> [Task directions]
If pictures appear among the lines below, leave them out while you return exactly the lines from the one with "Phiên làm việc" through the one with "HIGHLANDER Highlander [HALO".

> [The data]
»»

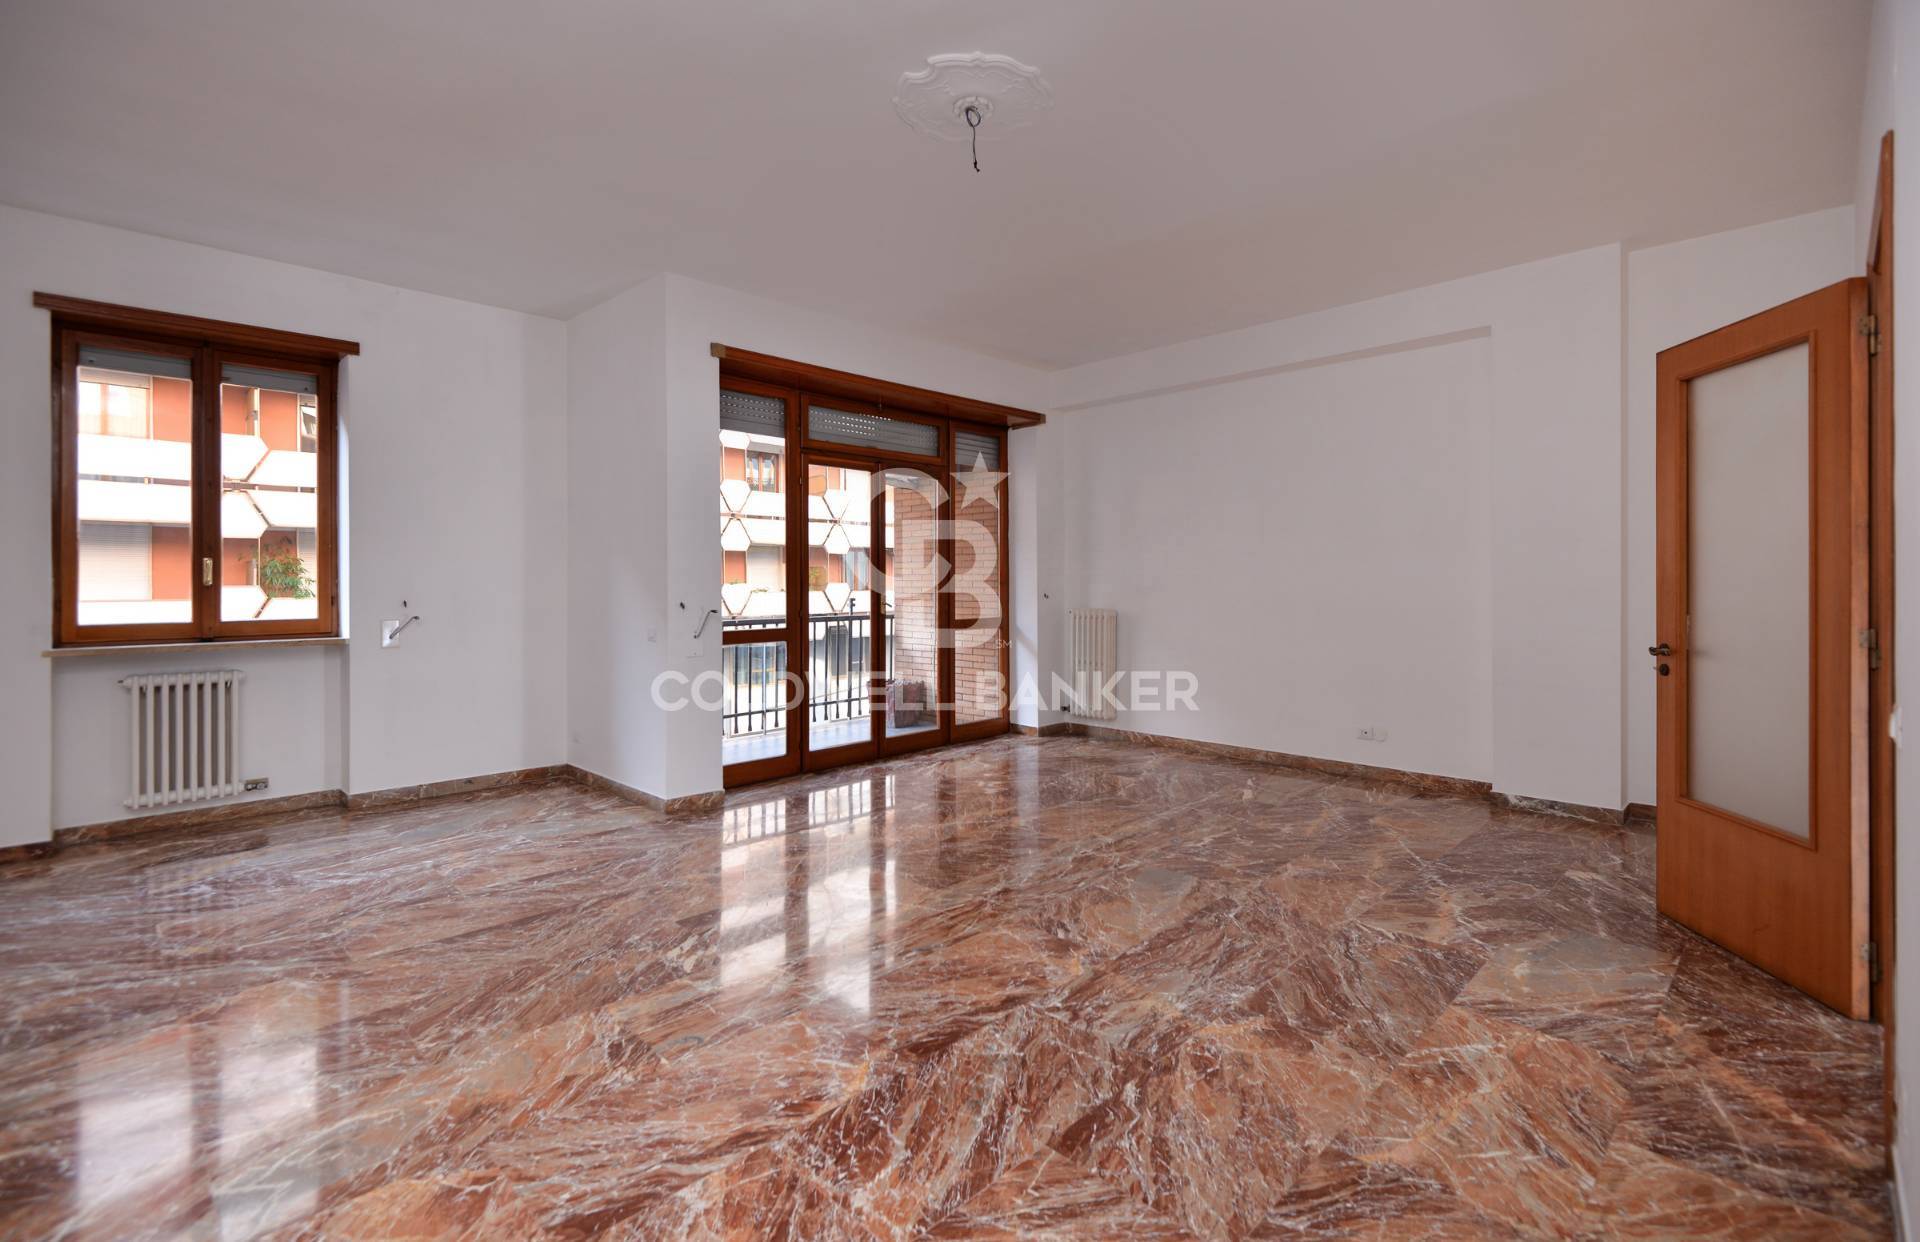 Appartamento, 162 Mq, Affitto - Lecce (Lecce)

««
»»

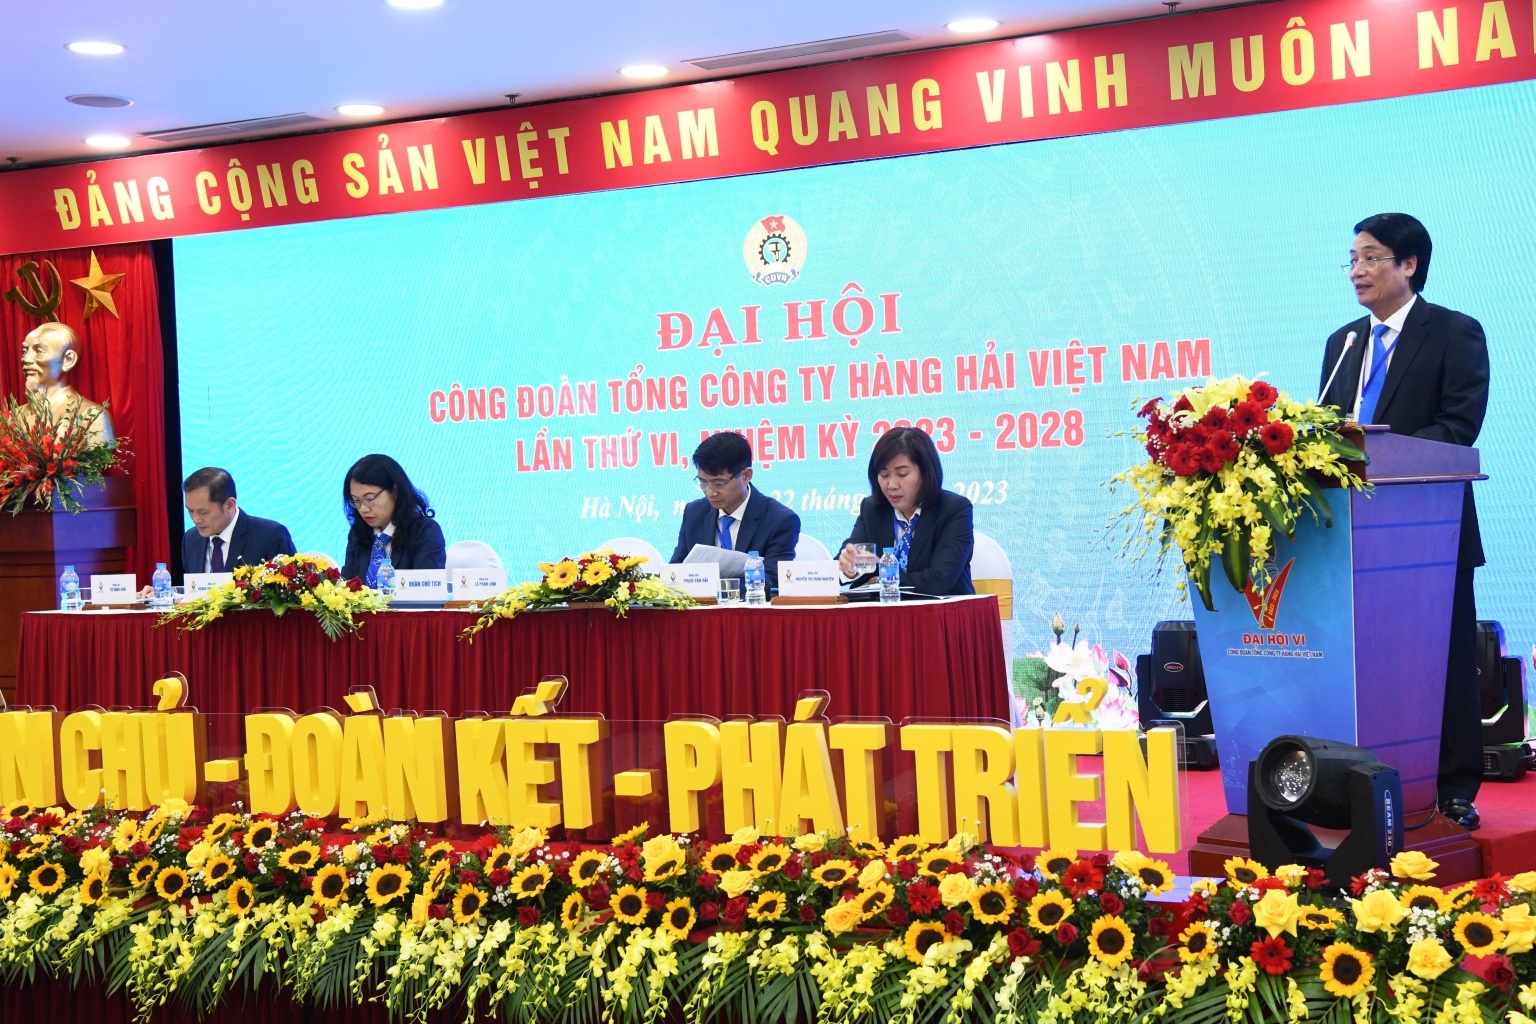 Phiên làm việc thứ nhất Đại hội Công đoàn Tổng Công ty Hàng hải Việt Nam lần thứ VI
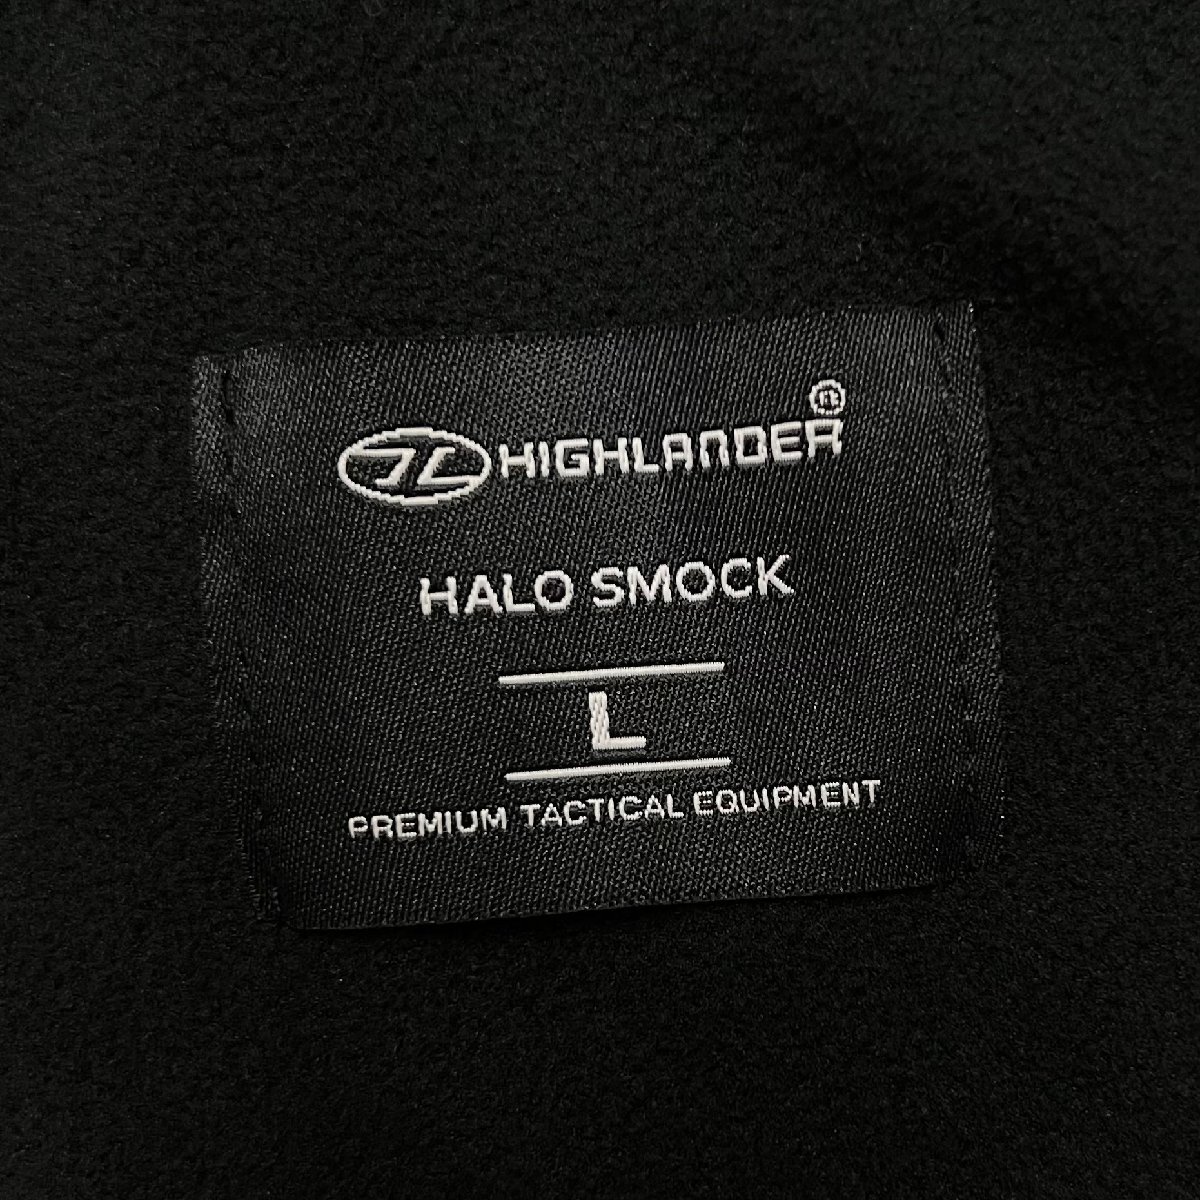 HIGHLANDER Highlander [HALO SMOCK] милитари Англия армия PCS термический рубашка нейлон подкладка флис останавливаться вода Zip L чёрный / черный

««
»»

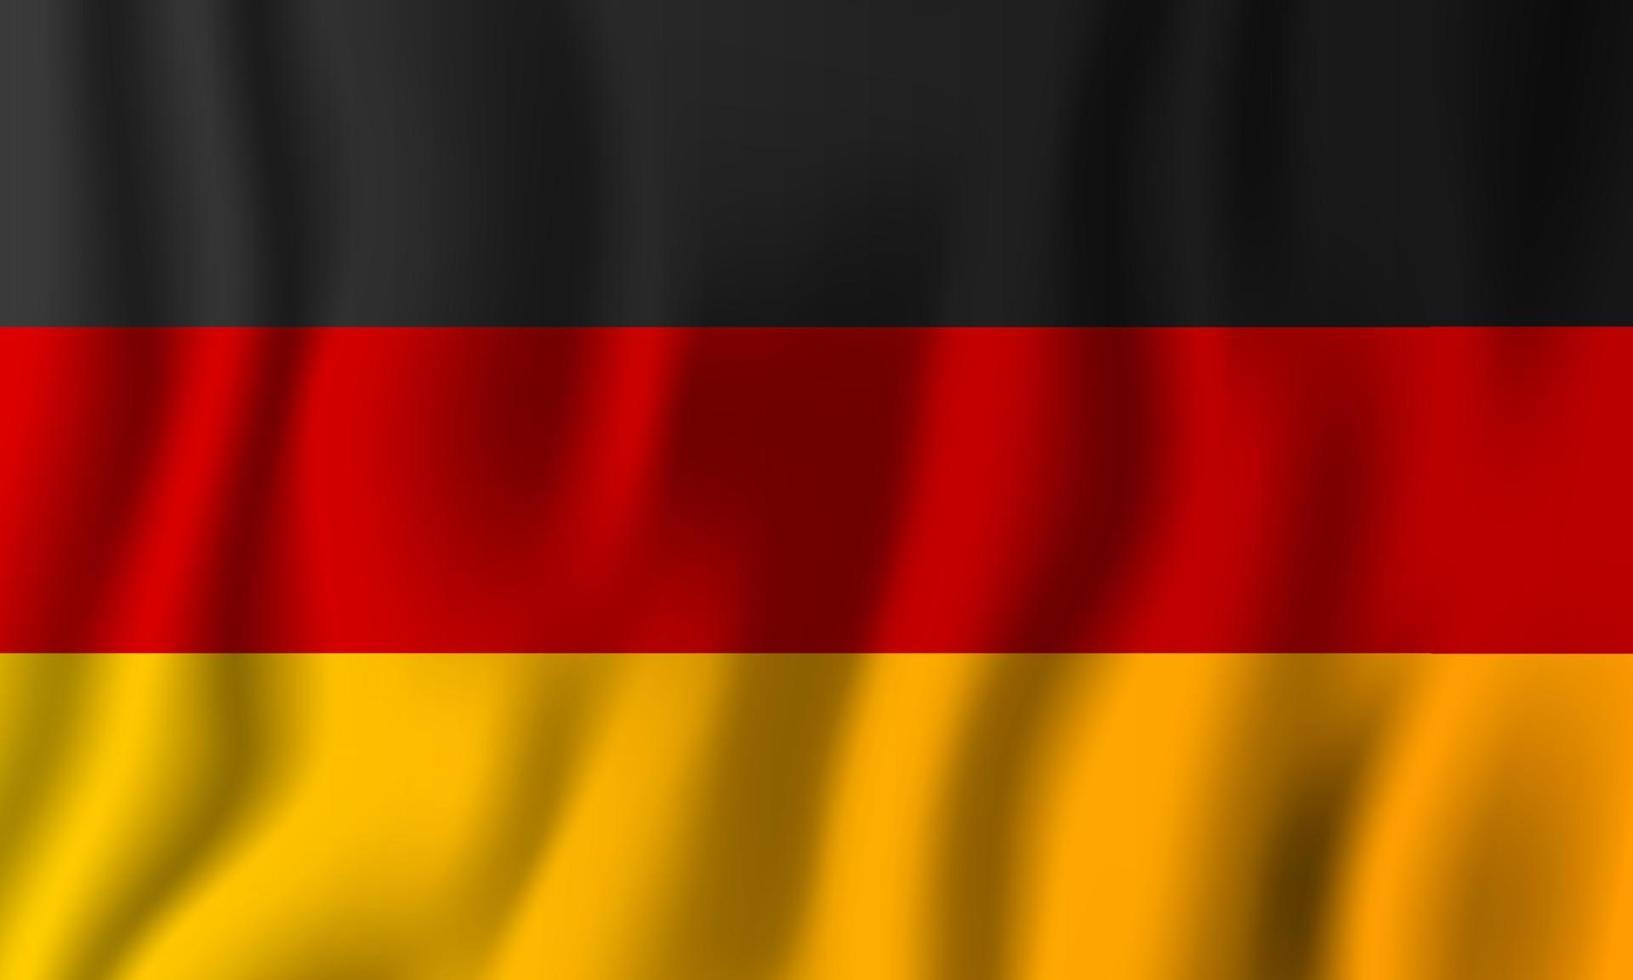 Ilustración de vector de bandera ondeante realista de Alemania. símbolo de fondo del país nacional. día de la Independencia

««

> [The answer]
 Phiên làm việc thứ nhất Đại hội Công đoàn Tổng Công ty Hàng hải Việt Nam lần thứ VI
 HIGHLANDER Highlander [HALO SMOCK] милитари Англия армия PCS термический рубашка нейлон подкладка флис останавливаться вода Zip L чёрный / черный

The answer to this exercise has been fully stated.